Various applications, such as robotics, require extremely precise positioning of mechanical elements, such as robot arms. Typically, such precise positioning is achieved by employing an electric motor, a reducing gear transmission, such as a harmonic drive gear, a shaft encoder and a tachometer. Both the tachometer and the shaft encoder provide output data to servo mechanisms which in turn provide position correction signals to the motor.
Normally the shaft encoder and the tachometer are directly mounted on the electric motor, downstream of the transmission. It may be appreciated that in this configuration, whatever the accuracy of the shaft encoder and the electric motor, such is not the accuracy of the positioning of the element driven thereby due to inaccuracies introduced by the transmission, as well as inaccuracies due to flexing of driven elements downstream of the transmission.

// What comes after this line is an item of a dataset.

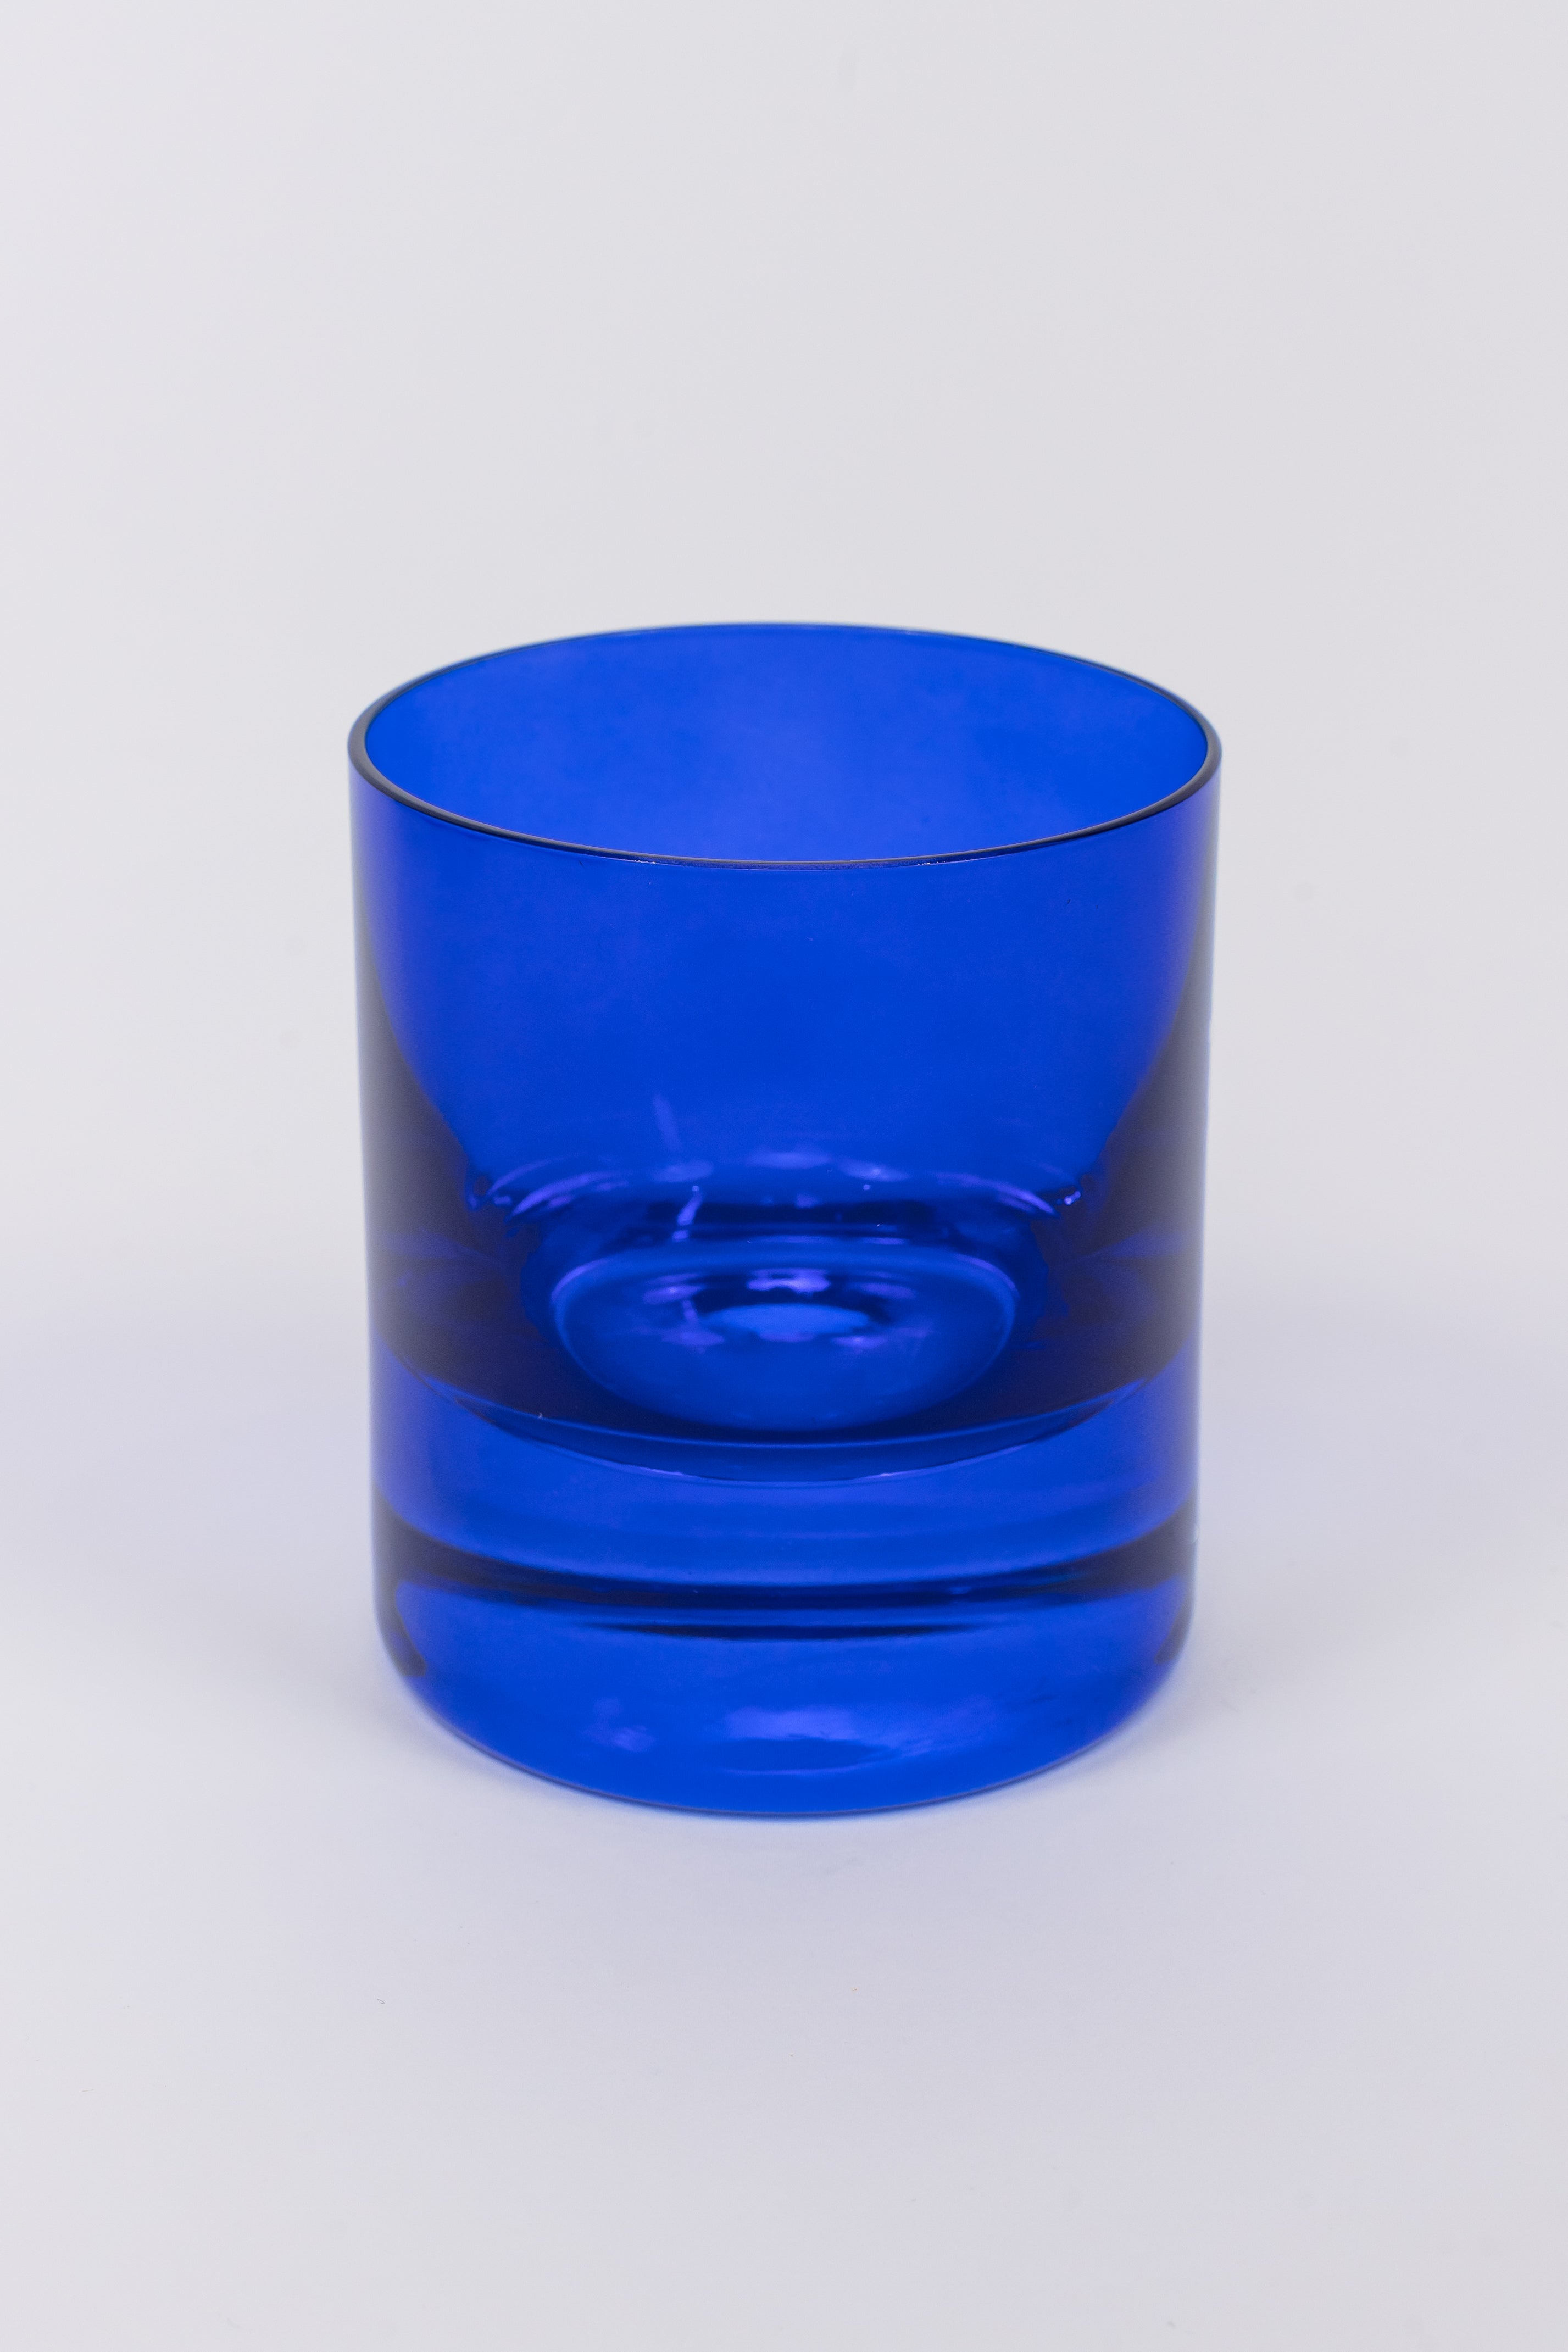 Estelle Colored Rocks Glass - Set of 2 {Royal Blue}
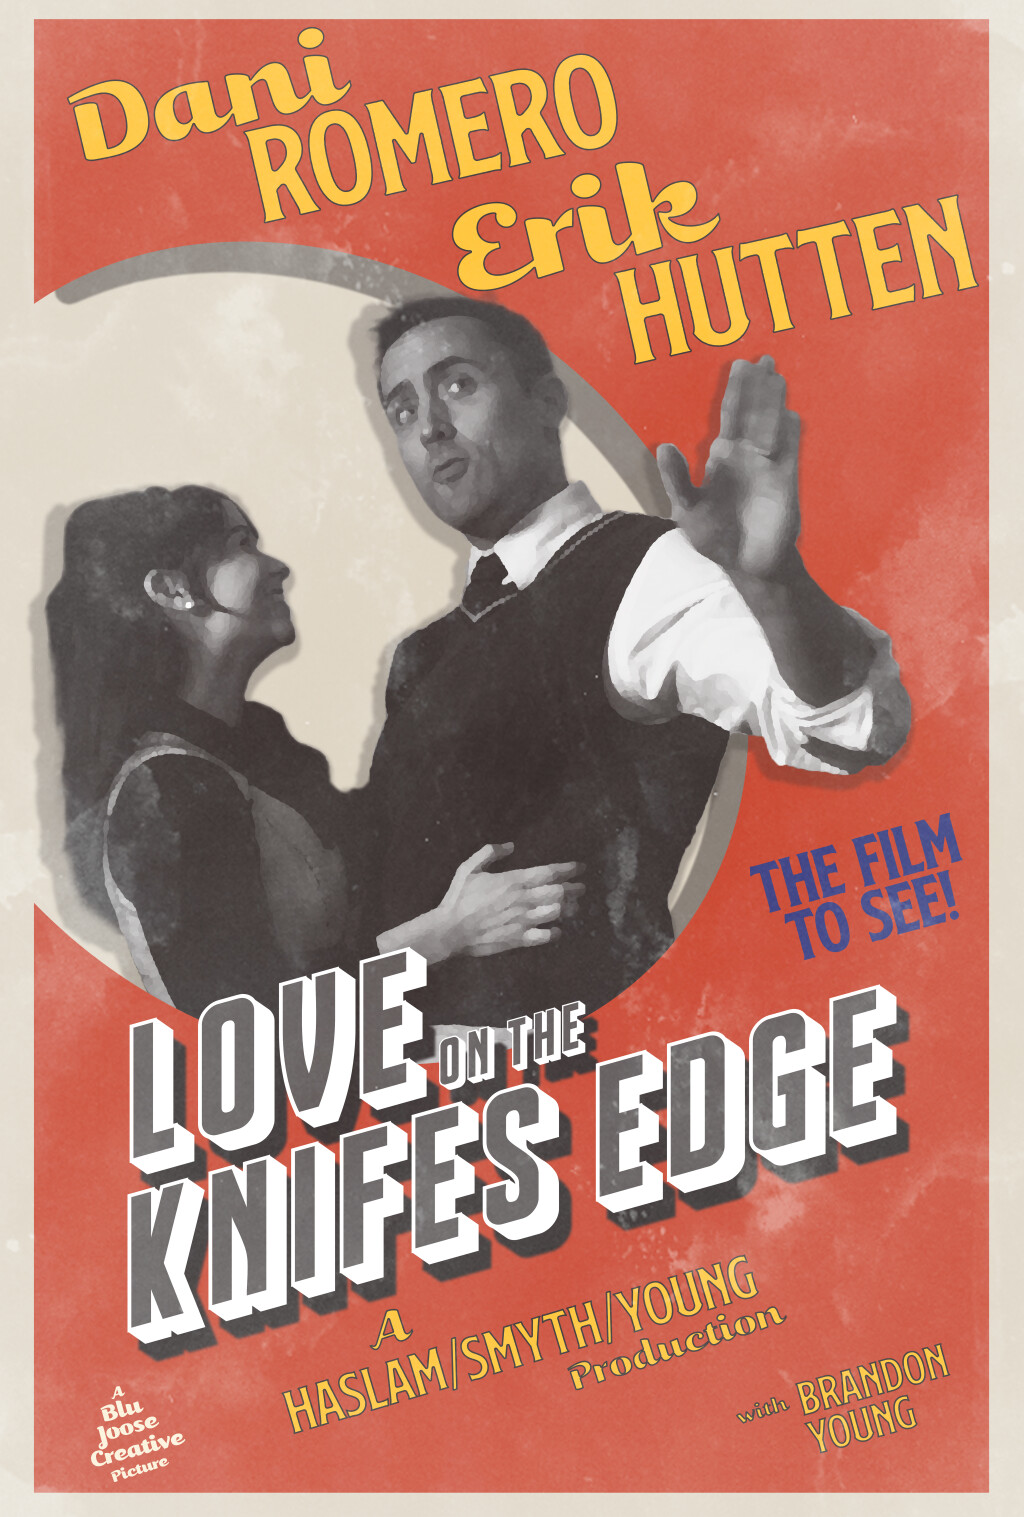 Filmposter for Love on the Knife's Edge

Positioning accuracies realized by conventional positioning devices of the type described hereinabove are of the order of milliradians to hundreds of microradians for rotary applications and of the order of hundredths or tenths of millimeters for linear applications.
Some of the inaccuracies associated with the transmission itself could be overcome by mounting a shaft encoder at the output of the gear, which is directly coupled to the driven element. This, however is impractical in most robotics applications due to space and weight limitations, complications in mounting, limitations on the movement of the robot, and cost.
A closed loop torque sensing and control system is described in "Joint Torque Control by a Direct Feedback for Industrial Robots" by J. Y. S. Luh, W. D. Fisher and Richard P. C. Paul, IEEE Transactions on Automatic Control, Vol. AC-28 No. 2 February 1983, pp. 153-160.
Compensation for bending of a load arm is described in "A Robot-Arm with Compensation for Bending" by P. C. Mulders et al, Annals of the CIRP, 35/1/1986 pp. 305-308.
The current state of the art is described in M. Vidyasagar, "System Theory and Robotics", IEEE Control Systems Magazine, Vol 7, No. 2, April, 1987, pp. 16 and 17 and in "Historical Perspective and State of the Art in Robot Force Control". The International Journal of Robotics Research No. 1, Spring, 1987 published by the Massachusetts Institute of Technology.